Reduce allocations in @distributed for

I’m doing some cheap operations on a set of huge SharedArrays, i.e. computing the distance from x,y,z.

using Distributed
addprocs(40);
@everywhere using SharedArrays

function compute_distance(result::SharedArray, pos::SharedArray)
    @sync @distributed for i = 1:size(pos,2)
        result[i] = sqrt(pos[1,i]^2 + pos[2,i]^2 + pos[3,i]^2)
    end
end

Is it always better to write this with a local variable, which I assume is broadcast to each worker process, to prevent allocations? For example,

function compute_distance(result::SharedArray, pos::SharedArray)
    temp = 0.0
    @sync @distributed for i = 1:size(input,2)
        result[i] = pos[1,i]^2
        temp = pos[2,i]^2
        result[i] += temp
        temp = pos[3,i]^2
        result[i] += temp
        result[i] = sqrt(result[i])
    end
end

This seems sort of ugly!

Why are you using Distributed for such a cheap calculation? I doubt the benefit exceeds the overhead.

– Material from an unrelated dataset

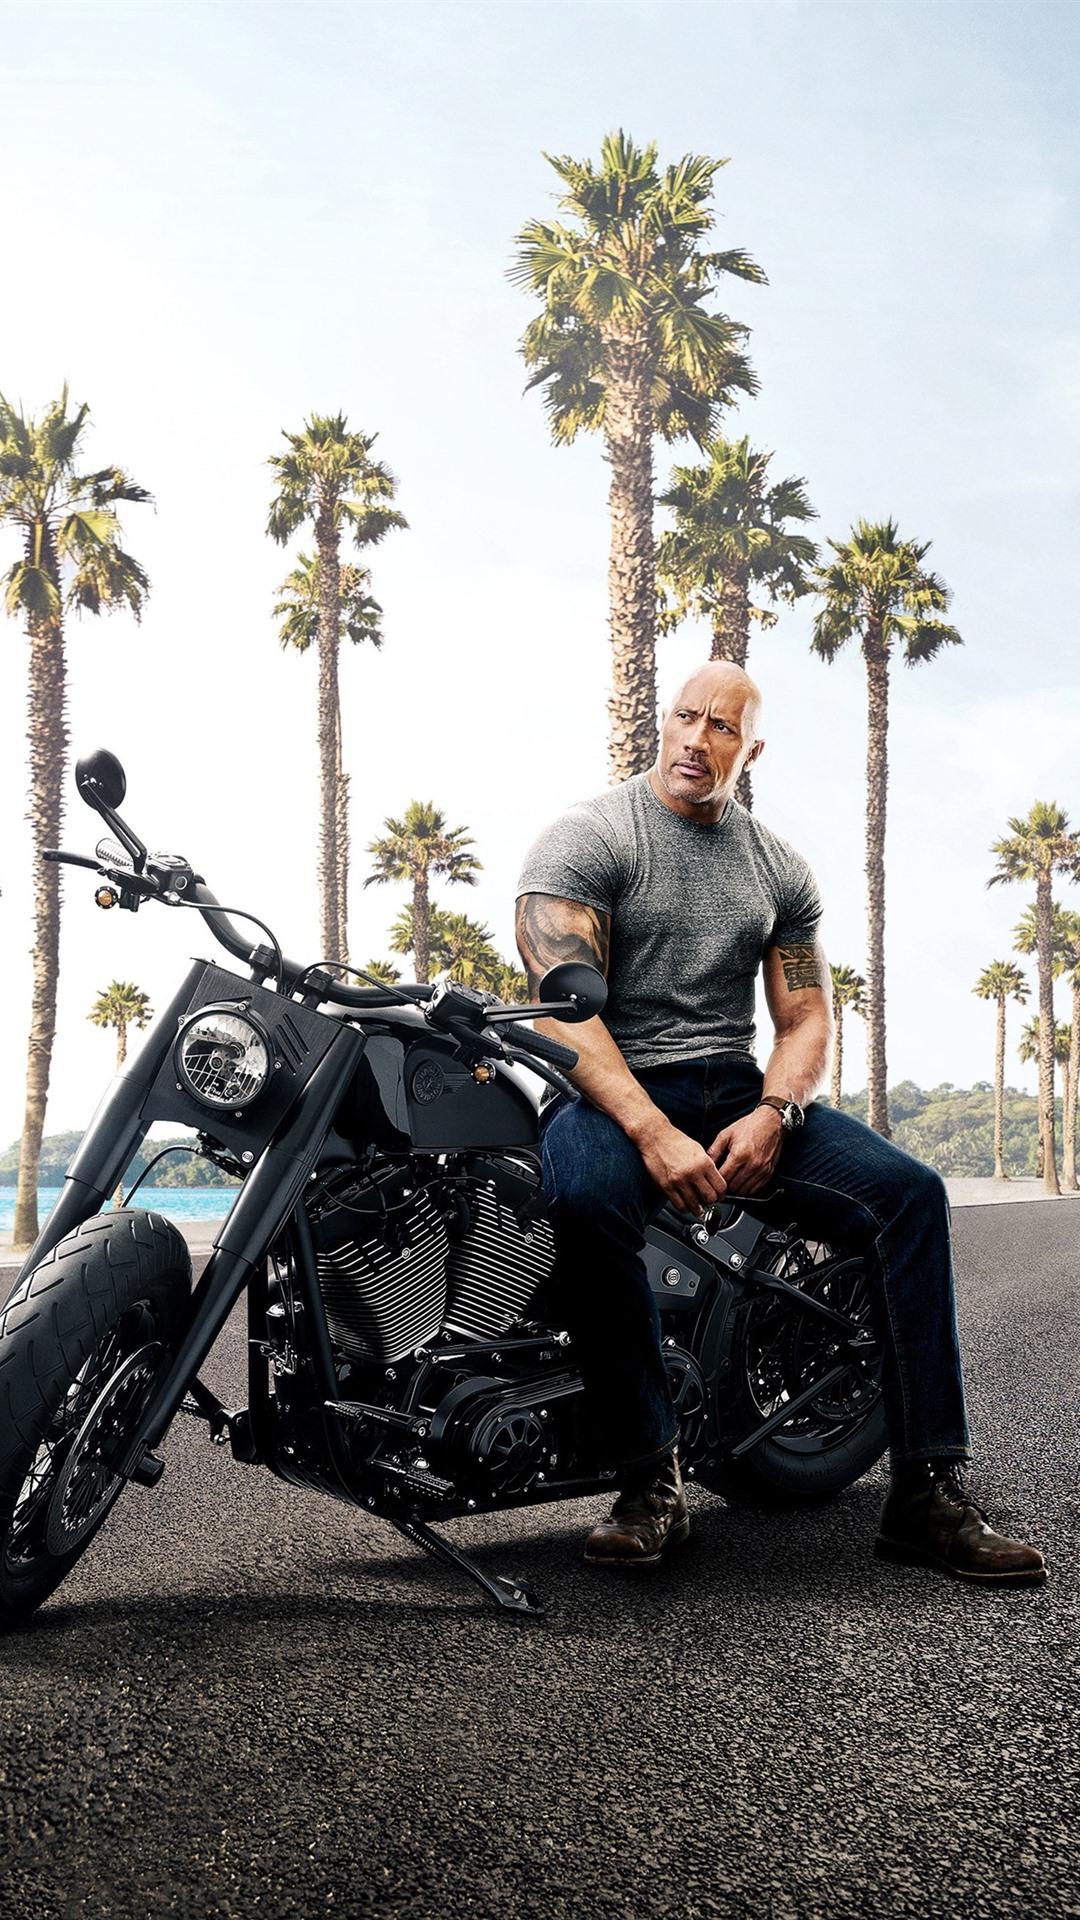 Dwayne Johnson Jason Statham Fast And Furious 8 1080x1920 Iphone

Threads should be more appropriate if you really want to run the distance calculations in parallel. (It may be worth trying the 1.3 alpha branch as there has been a lot of work on multithreading recently.)

EDIT:
Here’s an example of using broadcasting to get rid of allocations and then with 8 threads (broadcasting not needed since it uses an explicit loop):

julia> function f1(p,r)
        r .= sqrt.(view(p,:,1).^2 .+ view(p,:,2).^2 .+ view(p,:,3).^2)
       end
f1 (generic function with 1 method)

julia> function f2(p,r)
         Threads.@threads for i in 1:length(r)
           r[i] = sqrt(p[i,1]^2 + p[i,2]^2 + p[i,3]^2)
         end
       end
f2 (generic function with 1 method)

julia> @btime f1(p,r) evals=1 setup=(p=rand(10^8, 3); r=Vector
{Float64}(undef,10^8));
  248.940 ms (3 allocations: 144 bytes)

julia> @btime f2(p,r) evals=1 setup=(p=rand(10^8, 3); r=Vector
{Float64}(undef,10^8));
  117.666 ms (60 allocations: 6.03 KiB)